Q.63. How many Banking Ombudsmen have been appointed and where are they located? As on date, fifteen Banking Ombudsmen have been appointed with their offices located mostly in state capitals. The addresses and contact details of the Banking Ombudsman offices have been provided in the annex. 

Q.64. Which are the banks covered under the Banking Ombudsman Scheme, 2006? All Scheduled Commercial Banks, Regional Rural Banks and Scheduled Primary Co-operative Banks are covered under the Scheme. 

 Q 65 What does the DICGC insure? In the event of a bank failure, DICGC protects bank deposits that are payable in India. The DICGC insures all deposits such as savings, fixed, current, recurring, etc. except the following types of deposits. (i) Deposits of foreign Governments; (ii) Deposits of Central/State Governments; (iii)Inter-bank deposits; (iv) Deposits of the State Land Development Banks with the State co-operative bank; (v) Any amount due on account of any deposit received outside India (vi) Any amount, which has been specifically exempted by the corporation with the previous approval of Reserve Bank of India. 

Q 66 What is the maximum deposit amount insured by the DICGC? Each depositor in a bank is insured upto a maximum of Rs.1,00,000 (Rupees One Lakh) for both principal and interest amount held by him in the same capacity and same right as on the date of liquidation/cancellation of bank's licence or the date on which the scheme of amalgamation/merger/reconstruction comes into force. 

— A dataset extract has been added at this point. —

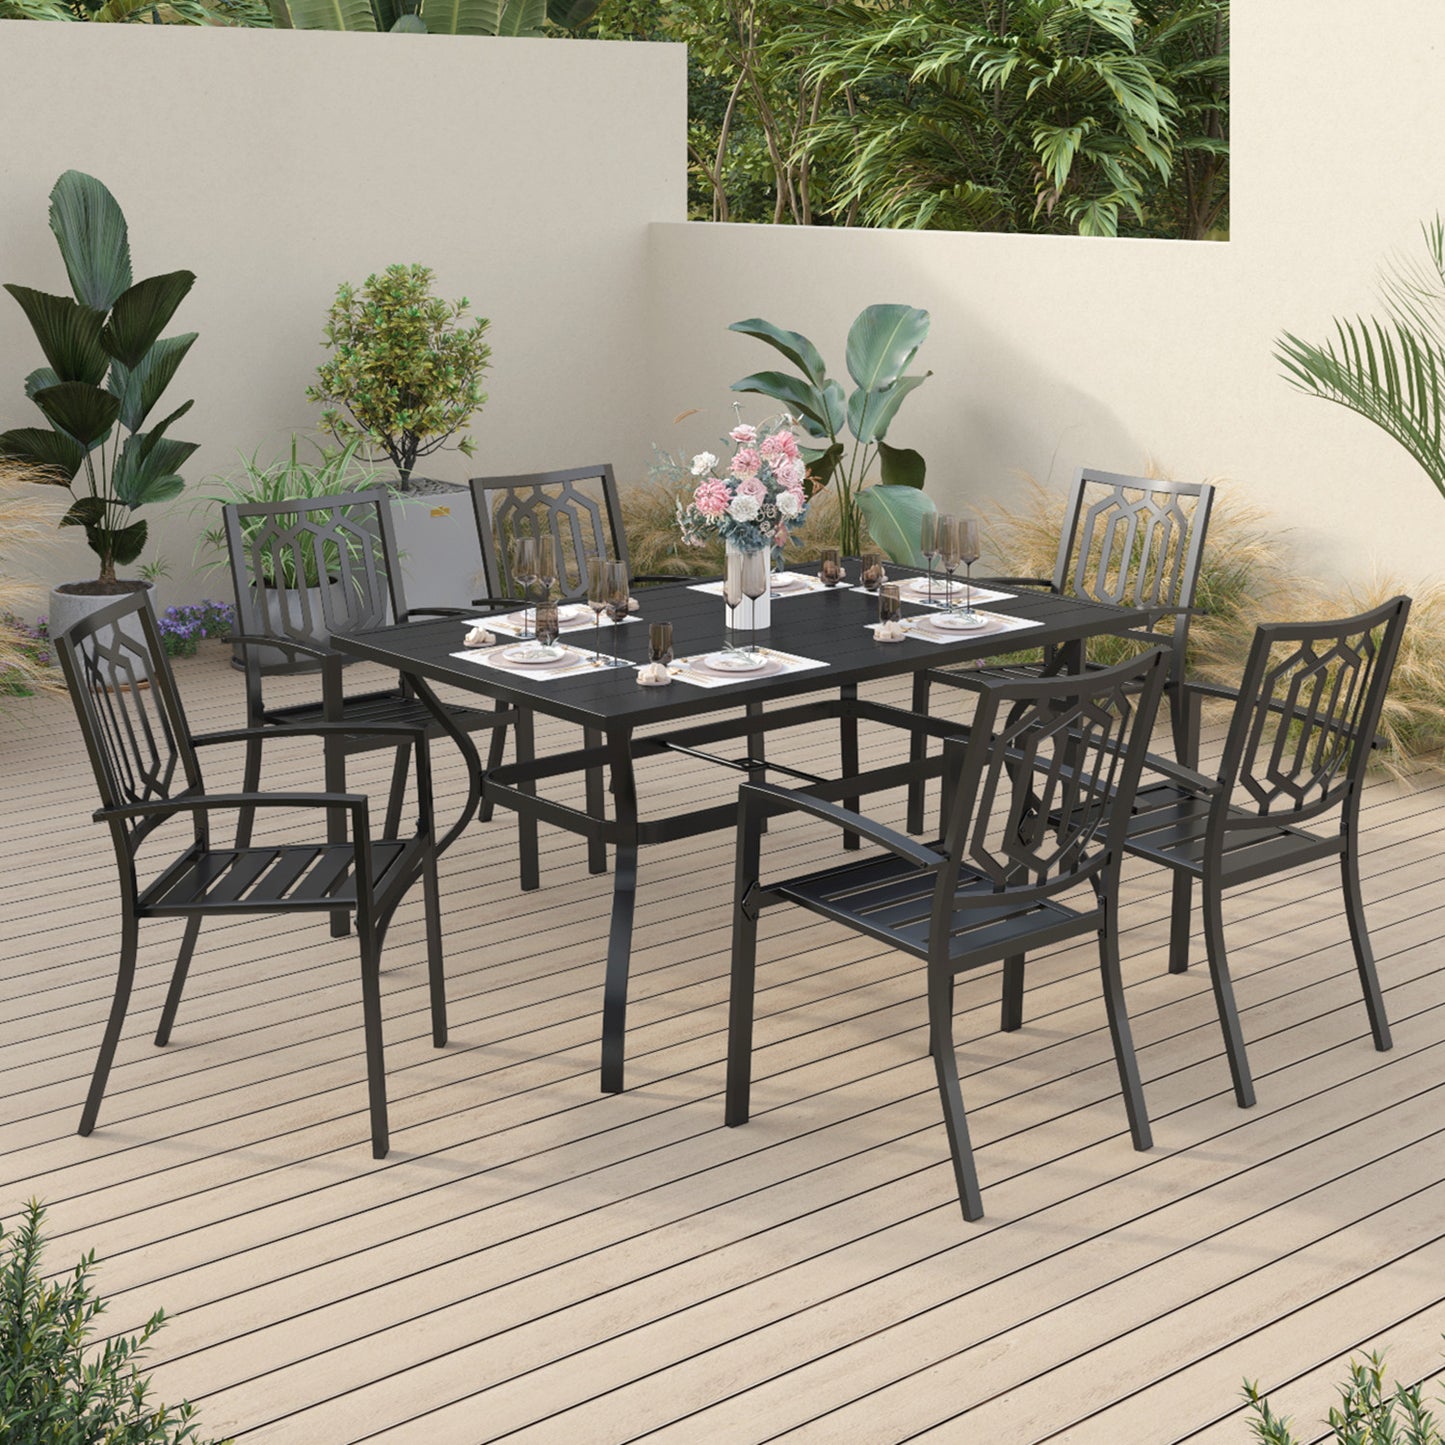 Sophia & William 7 Piece Metal Outdoor Patio Dining Bistro Sets Kitchen Dining Table Sets with 6 Stackable Metal Chairs and 60" x 38"x28" Steel Frame Slat Rectangular Table,Black

Q.67. What is KYC? KYC is an acronym for “Know your Customer”, a term used for customer identification process. It involves making reasonable efforts to determine true identity and beneficial ownership of accounts, source of funds, the nature of customer’s business, reasonableness of operations in the account in relation to the customer’s business, etc which in turn helps the banks to manage their risks prudently. The objective of the KYC guidelines is to prevent banks being used, intentionally or unintentionally by criminal elements for money laundering. KYC has two components - Identity and Address. While identity remains the same, the address may change and hence the banks are required to periodically update their records. 

Q.68. Is there any legal backing for verifying identity of clients? Yes. Reserve Bank of India has issued guidelines to banks under Section 35A of the Banking Regulation Act, 1949 and Rule 7 of Prevention of Money-Laundering (Maintenance of Records of the Nature and Value of Transactions, the Procedure and Manner of Maintaining and Time for Furnishing Information and Verification and Maintenance of Records of the Identity of the Clients of the Banking Companies, Financial Institutions and Intermediaries) Rules, 2005. Any contravention thereof or non-compliance shall attract penalties under Banking Regulation Act.